Dans l’arrêt du 25 mars 2009, la Cour de cassation applique cette solution dans le cas où aucun délai n’est prévu pour lever l’option. Elle retient que la Cour d’appel ne pouvait se contenter de rechercher si le promettant avait mis en demeure le bénéficiaire d’accepter ou de refuser la promesse. Elle devait rechercher si le retrait par le promettant de sa promesse avait été notifié au bénéficiaire avant que celui-ci ne déclare l’accepter. En l’absence de mention dans la promesse de délai pour lever l’option, le bénéficiaire ne peut donc plus accepter la promesse si le promettant lui a notifié sa rétractation avant.
2/ Promesse de vente / refus de vente du vendeur / possibilités de l’acheteur bénéficiaire (Cass. Civ III : 25.3.09)
En cas de refus de vente par le promettant, le bénéficiaire de la promesse peut demander l’exécution forcée de la vente ou bien sa résolution judiciaire avec dommages et intérêts (code civil : art. 1184). La victime d’une inexécution contractuelle qui a opté pour l’une des options peut-elle modifier ce choix ? Si oui jusqu’à quand ?

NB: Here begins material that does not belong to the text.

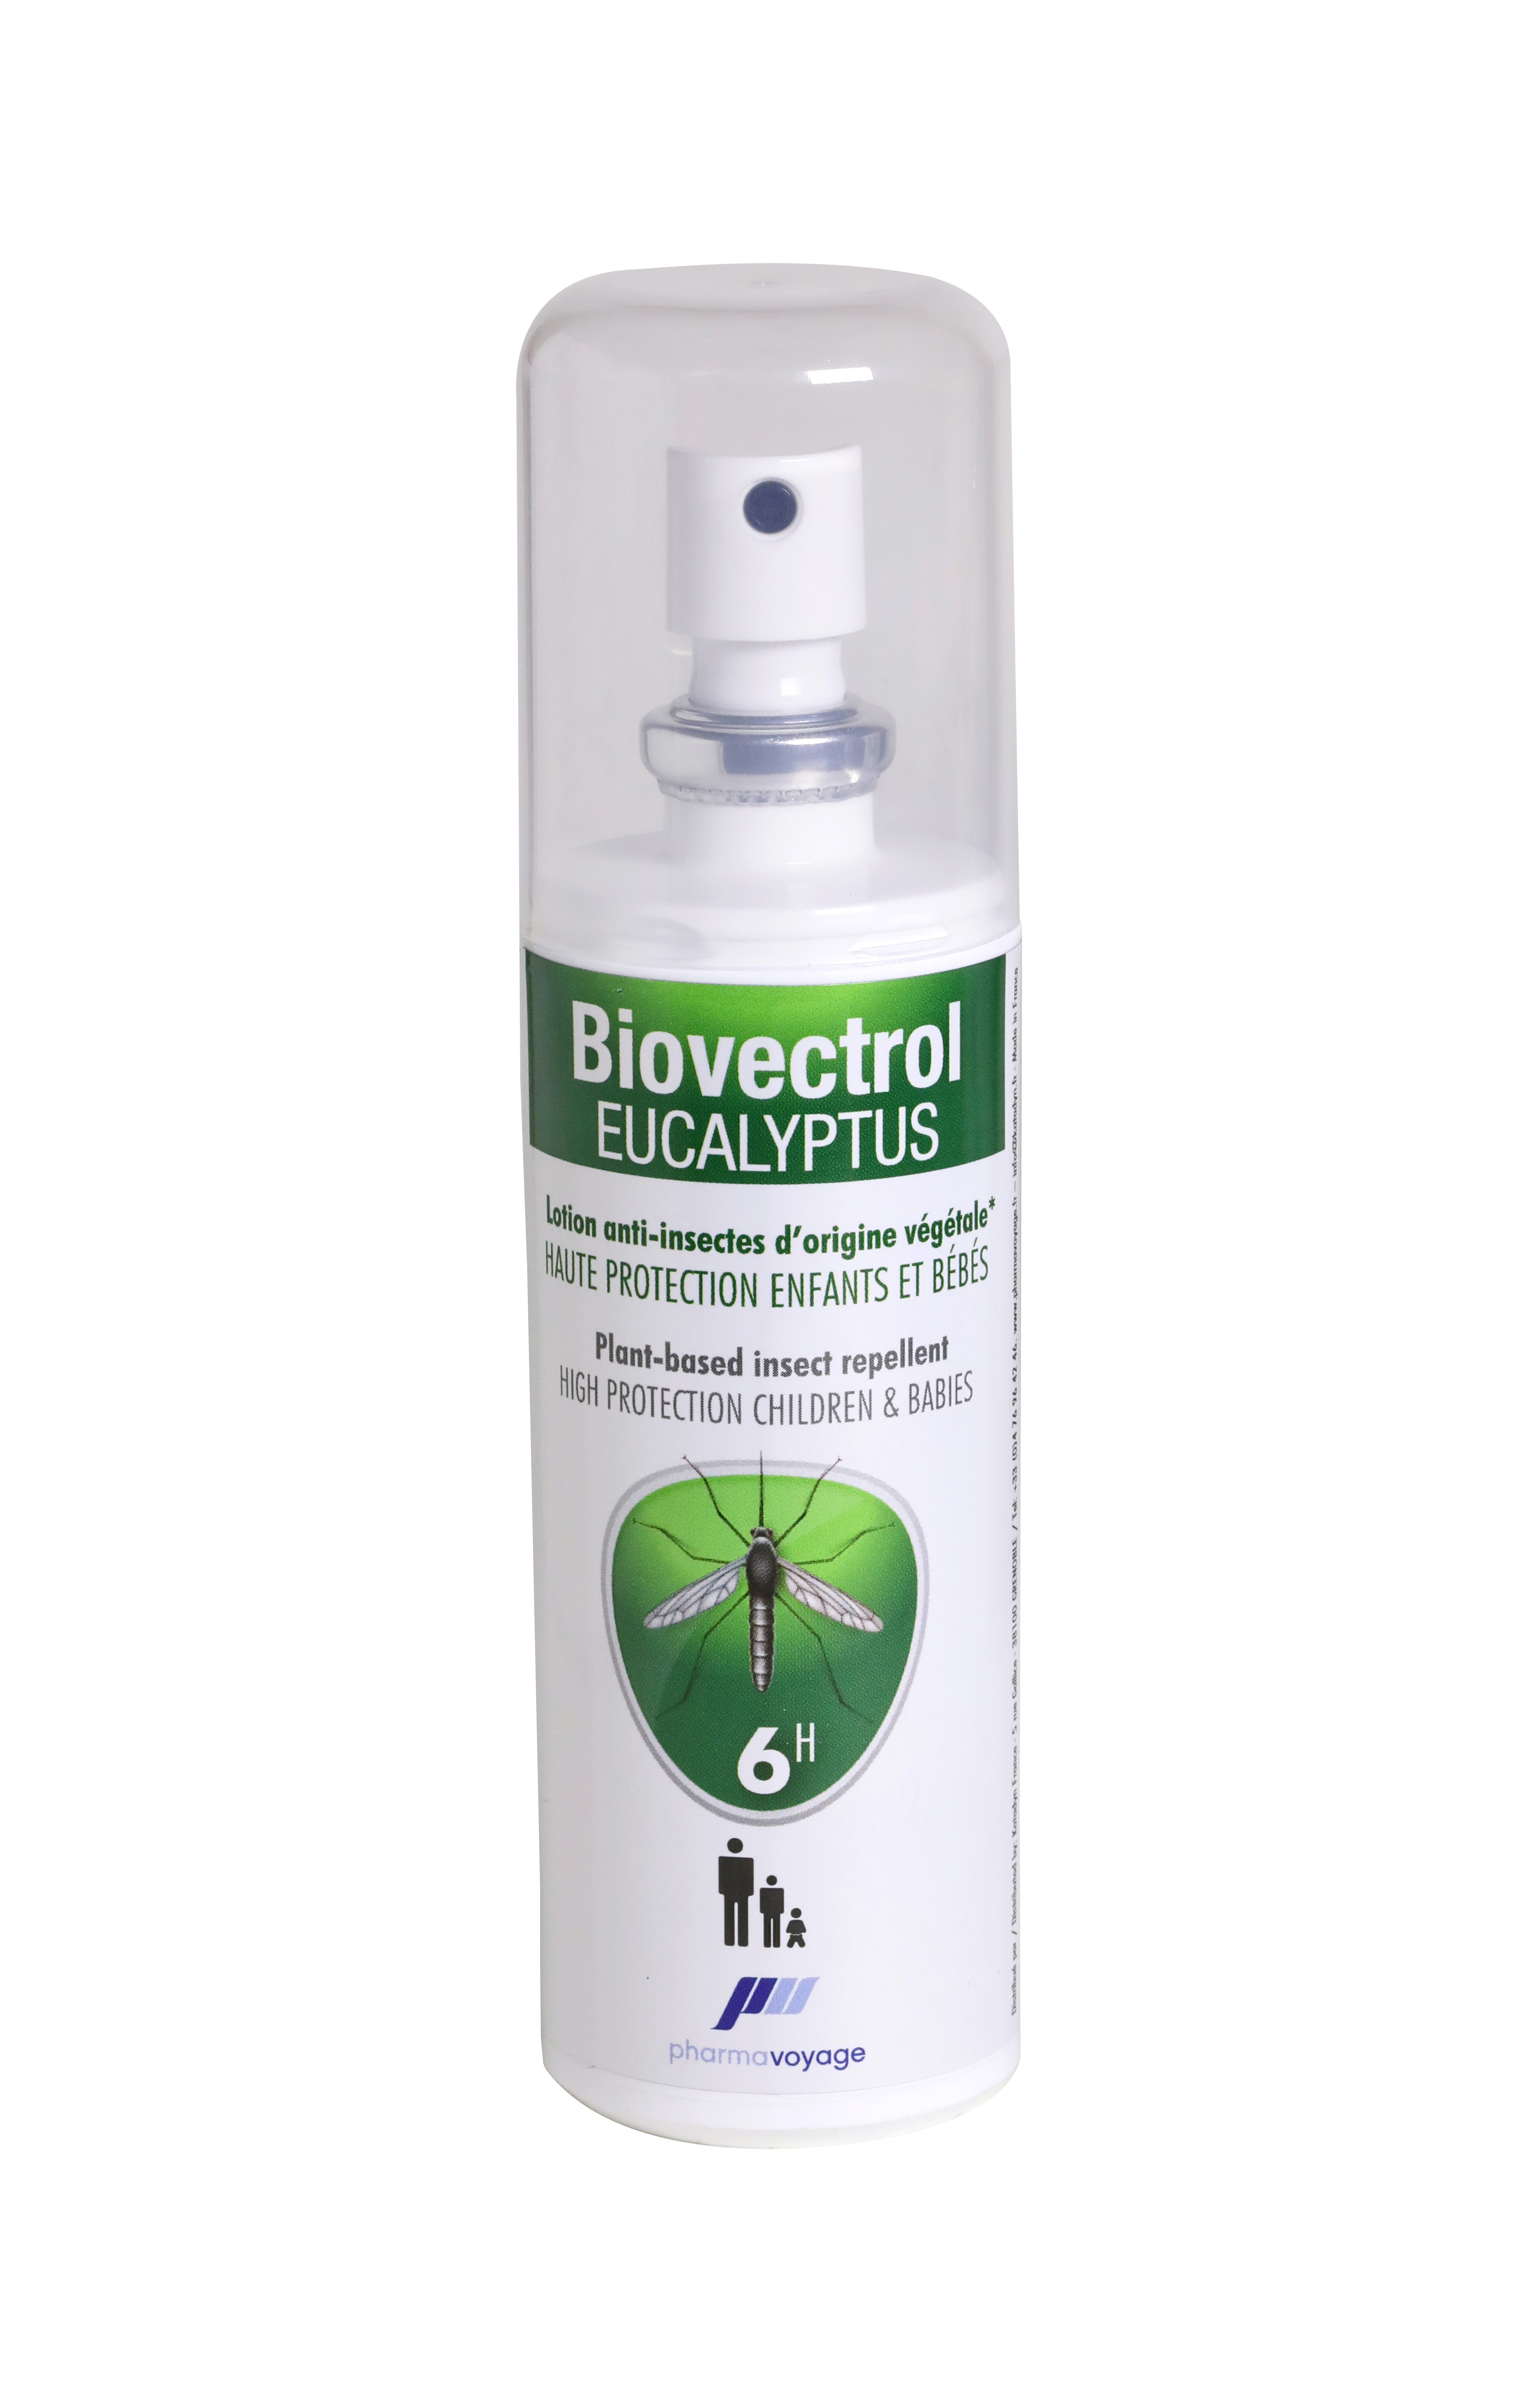 RepellShield Lotion Anti Moustique - Produit Anti Moustique Naturel -  Solution Anti Moustique Eucalyptus Citronné - Protection Efficace et Longue

La Cour de cassation a considéré qu’une demande en résolution du contrat ne prive pas de la possibilité de demander ultérieurement son exécution forcée (Cass. Civ I : 11.1.67). Un arrêt de la Cour de cassation du 25 mars 2003 apporte des précisions sur ce point. En l’espèce, suite au refus du promettant de réitérer la promesse synallagmatique de vente, le bénéficiaire a intenté une action en résolution judiciaire de la promesse avec demande de dommages et intérêts puis, l’action étant encore pendante, il s’est ravisé et a préféré demander l’exécution forcée de la promesse. La Cour de cassation précise que la victime d’une inexécution conserve la faculté d’opter entre l’exécution forcée et la résolution judiciaire tant qu’il n’a pas été statué sur sa demande initiale par une décision passée en force de chose jugée.